Democrats slam USDA's relocation of economists as blow to scientific research
By Humeyra Pamuk
WASHINGTON (Reuters) – Democratic senators on Thursday slammed the U.S. Department of Agriculture's plan to relocate hundreds of its economists and other researchers from Washington to the Midwest, saying it will hurt the agency's research capabilities by prompting many to resign.
The plan, unveiled last year, would move 547 workers for the USDA's Economic Research Service (ERS) and National Institute of Food and Agriculture (NIFA) divisions to Kansas City by September. Those services provide data used to make policy decisions, and support research on a wide range of issues affecting agriculture.
The USDA said the move would save taxpayers nearly $300 million over 15 years and bring the divisions closer to farmers, but critics have said it is part of the Trump administration's broader effort to weaken science.
President Donald Trump has been consistently criticized for instructing his administration to scrap or delay scientific research on issues such as climate change, the environment and healthcare, while rolling back regulation and promoting the fossil fuels industries.
"This is not a relocation. It is a demolition," Democratic Senator Debbie Stabenow said in a hearing of the Senate Agriculture Committee, adding that the USDA data showed at least 63% of the employees affected were planning to leave.
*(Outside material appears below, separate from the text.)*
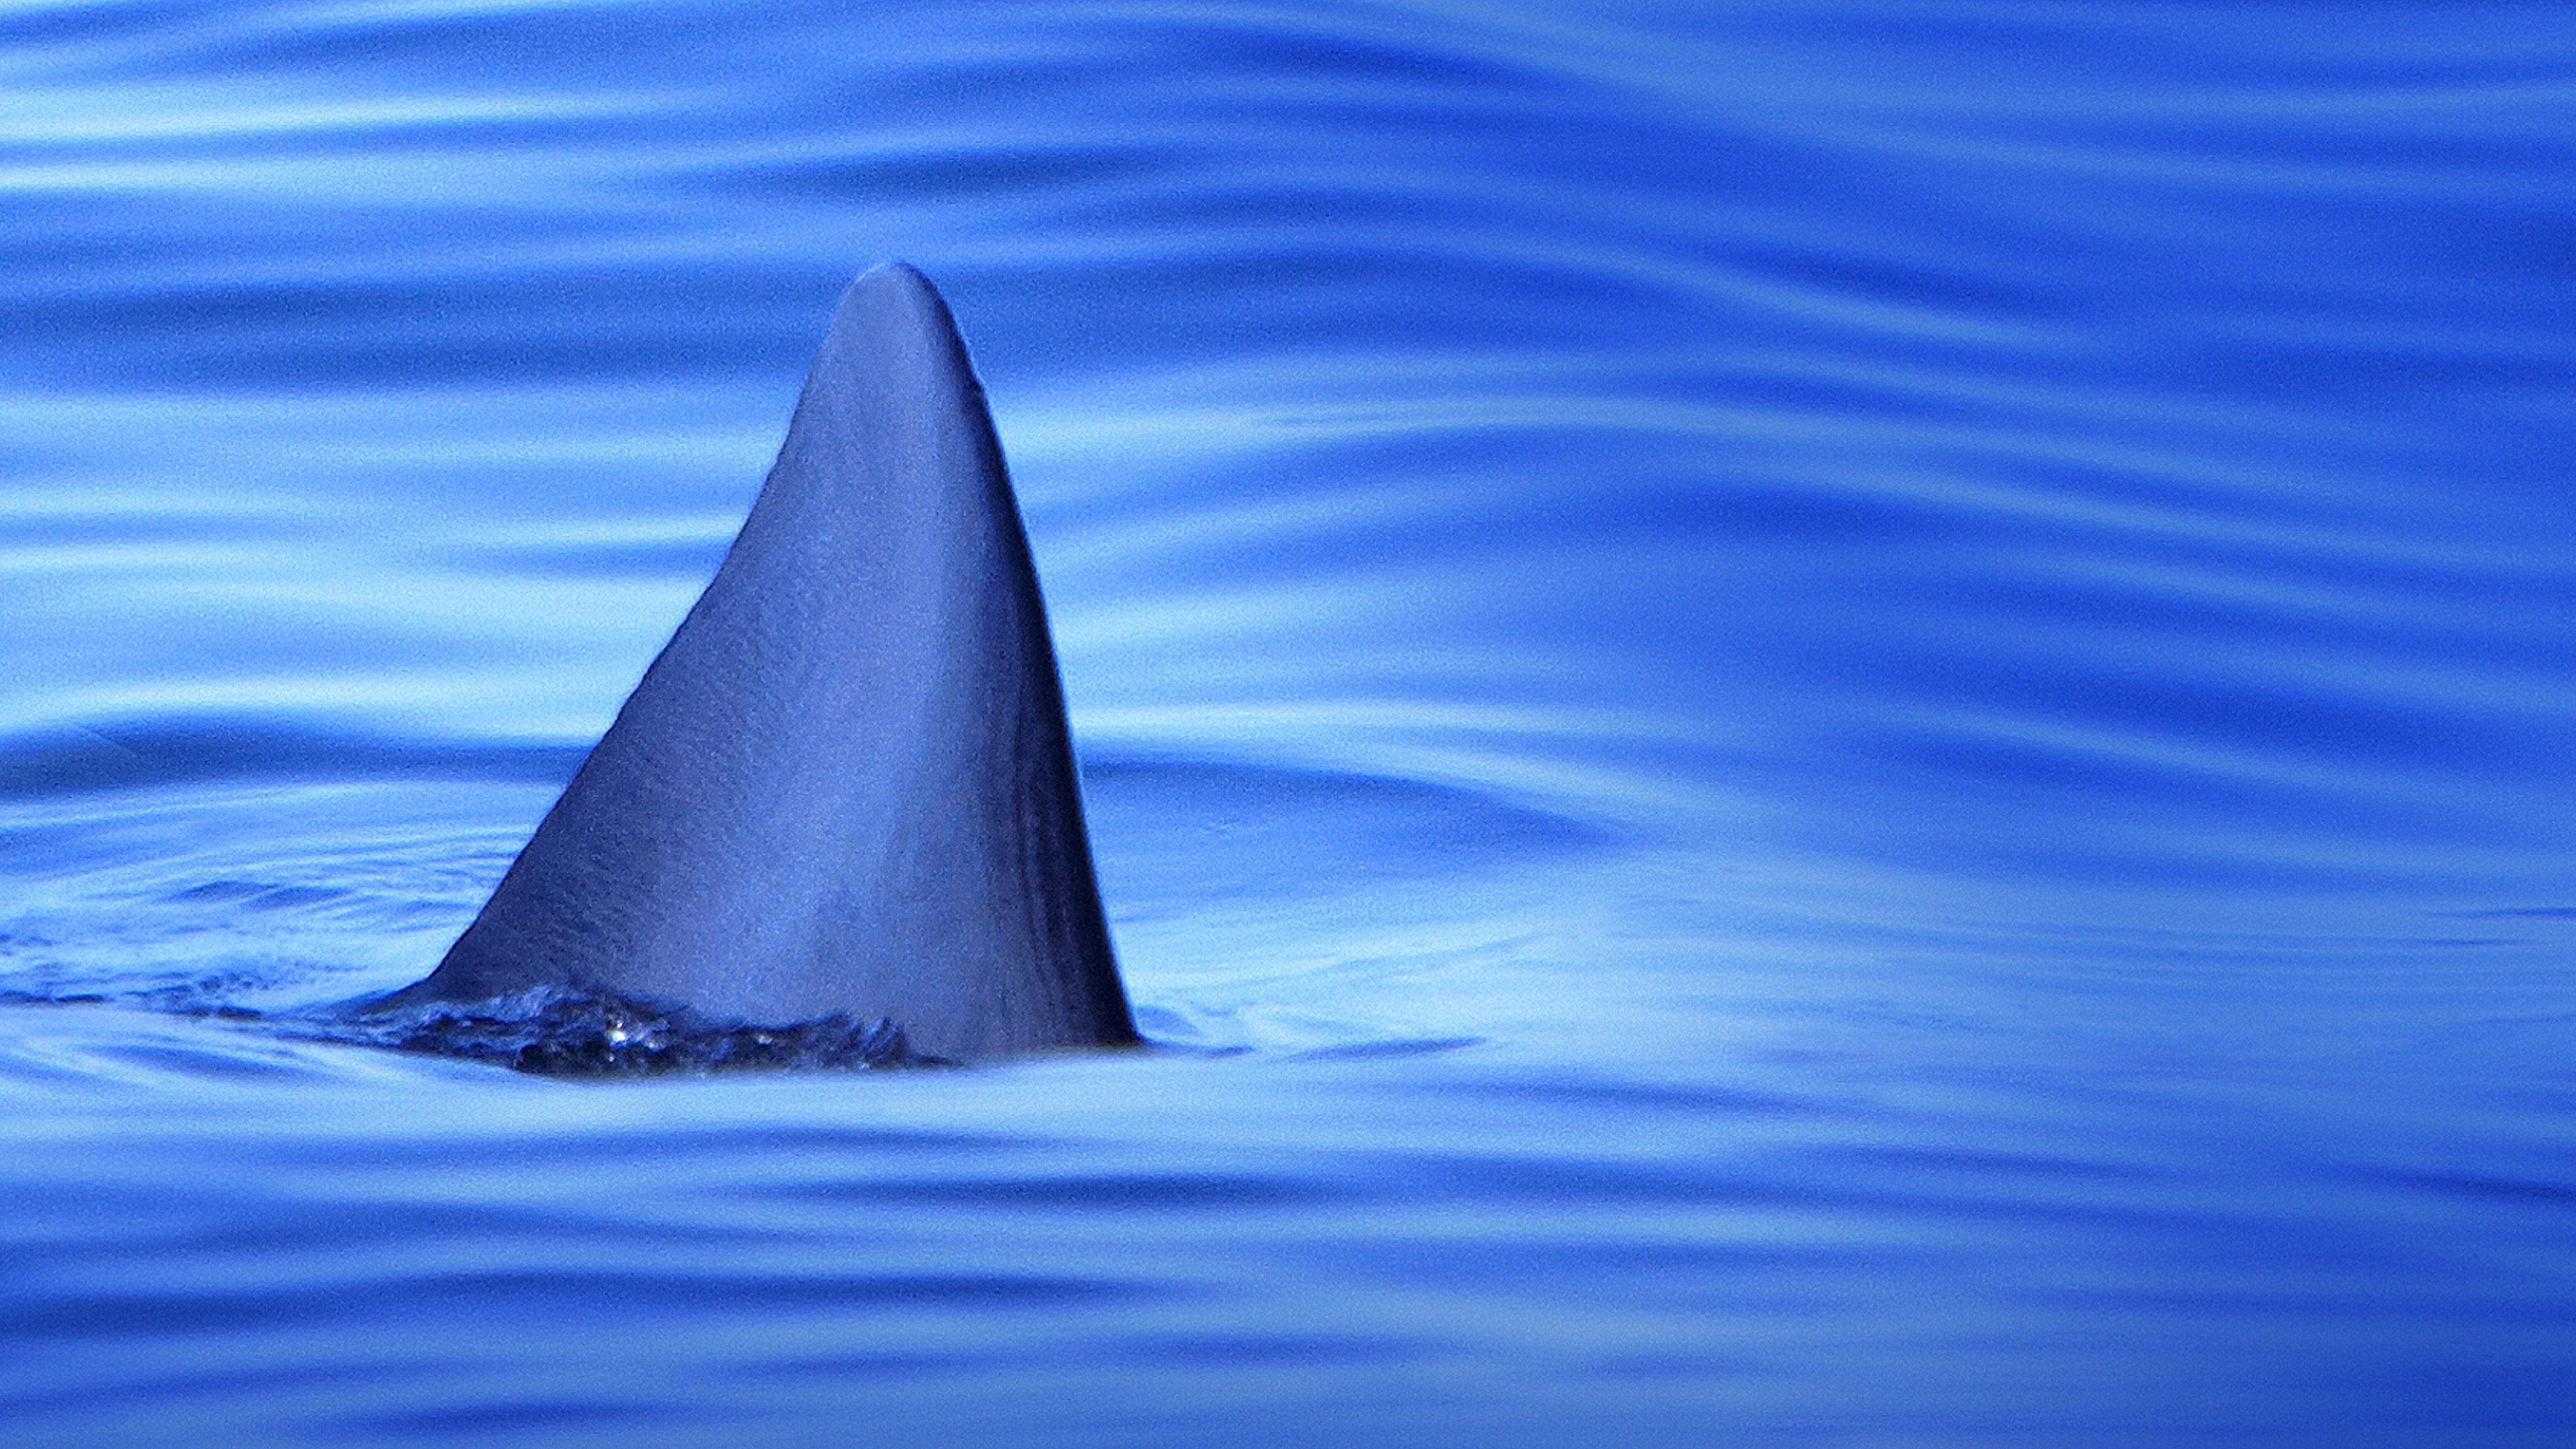 Sharks of the Badlands
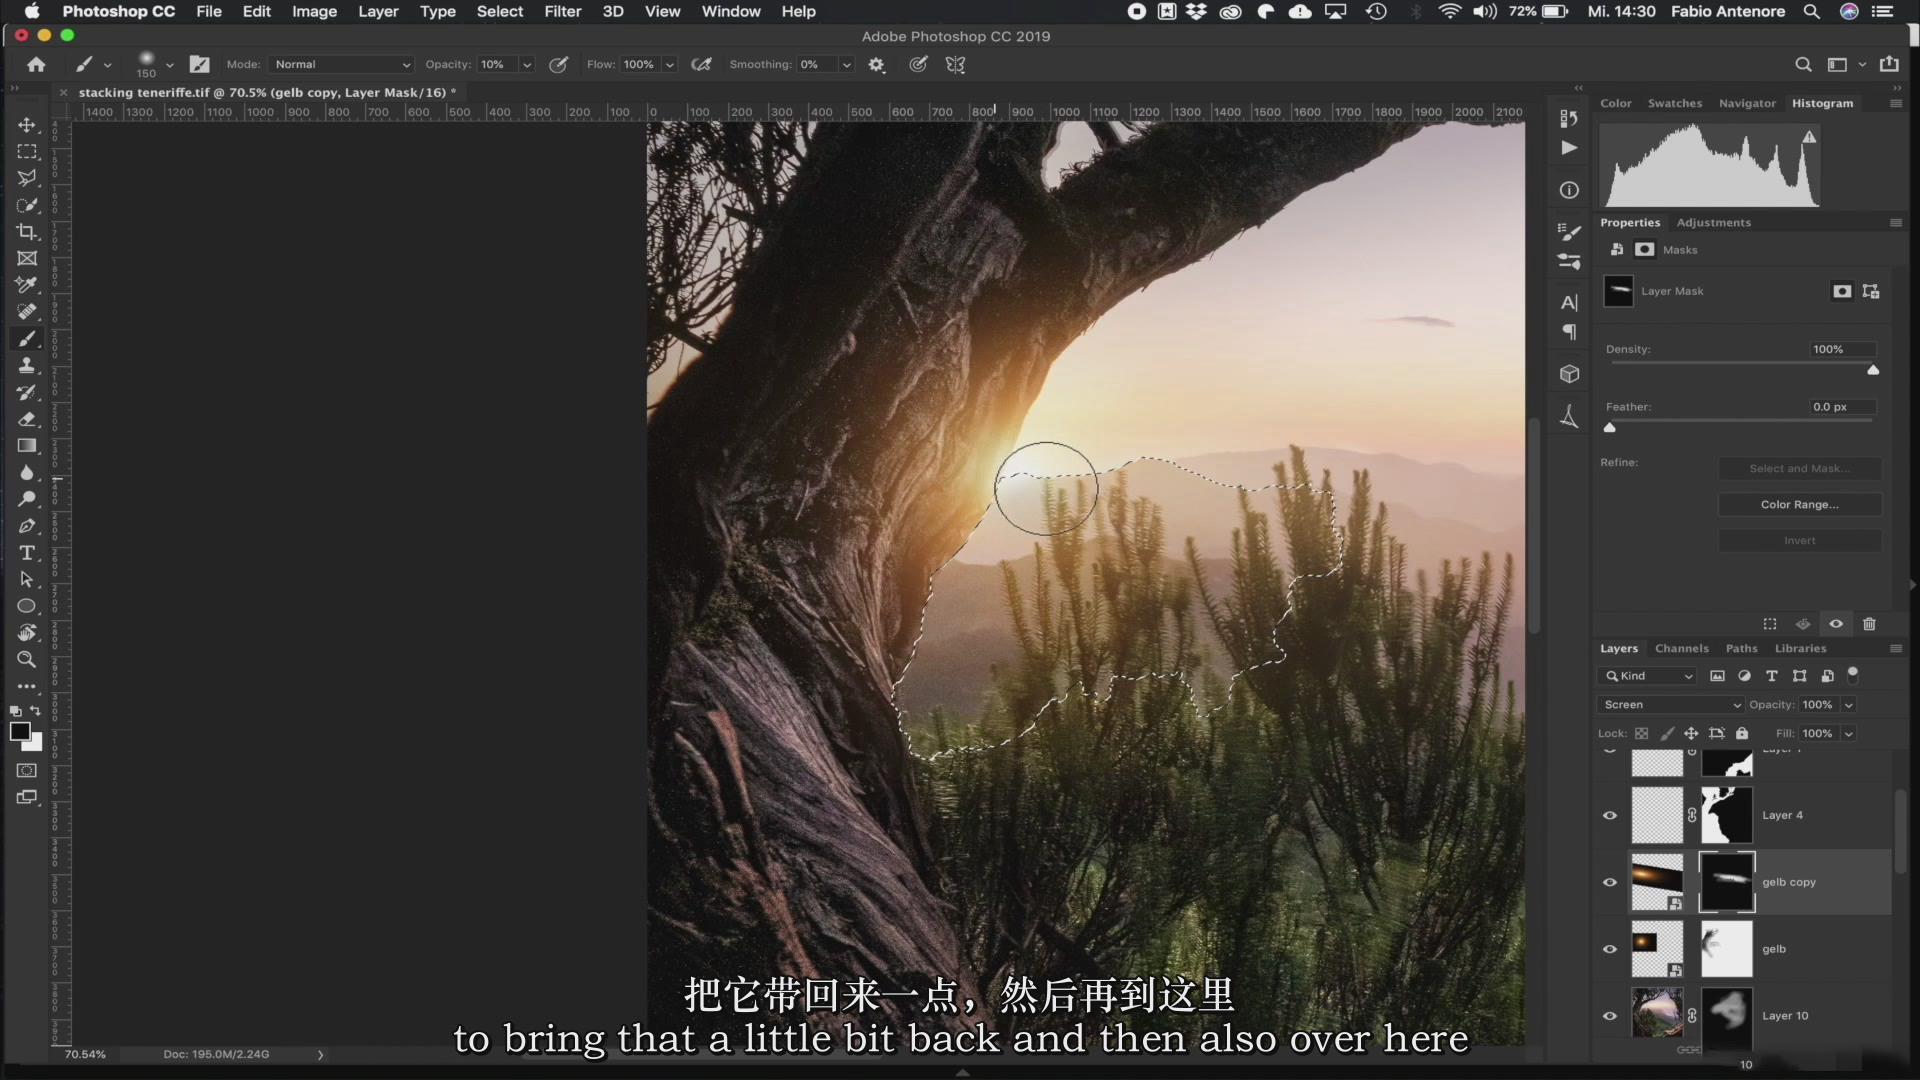 摄影教程_Fabio Antenore-超级真实银河系夜景风光摄影及后期附扩展素材-中英字幕 摄影教程 _预览图14

This will hurt the agency's scientific research capabilities, Stabenow said. "Rebuilding an entire workforce will take time. In the interim, these agencies will not have the capacity to do their important work."
Democratic Senator Patrick Leahy from Vermont said: "The move has already dealt a significant blow to the Department's scientific and economic research capacity, and many employees in these agencies will tell you they believe this is the intent: to undermine research."
The USDA has defended the move.
"I can assure you, we will seek more opportunities to expand the influence of ERS," Scott Hutchins, USDA Deputy Under Secretary for Research, Education and Economics. "This is our goal, to make this an opportunity to allow this agency to grow and be sustainable in the long-term," he told the hearing.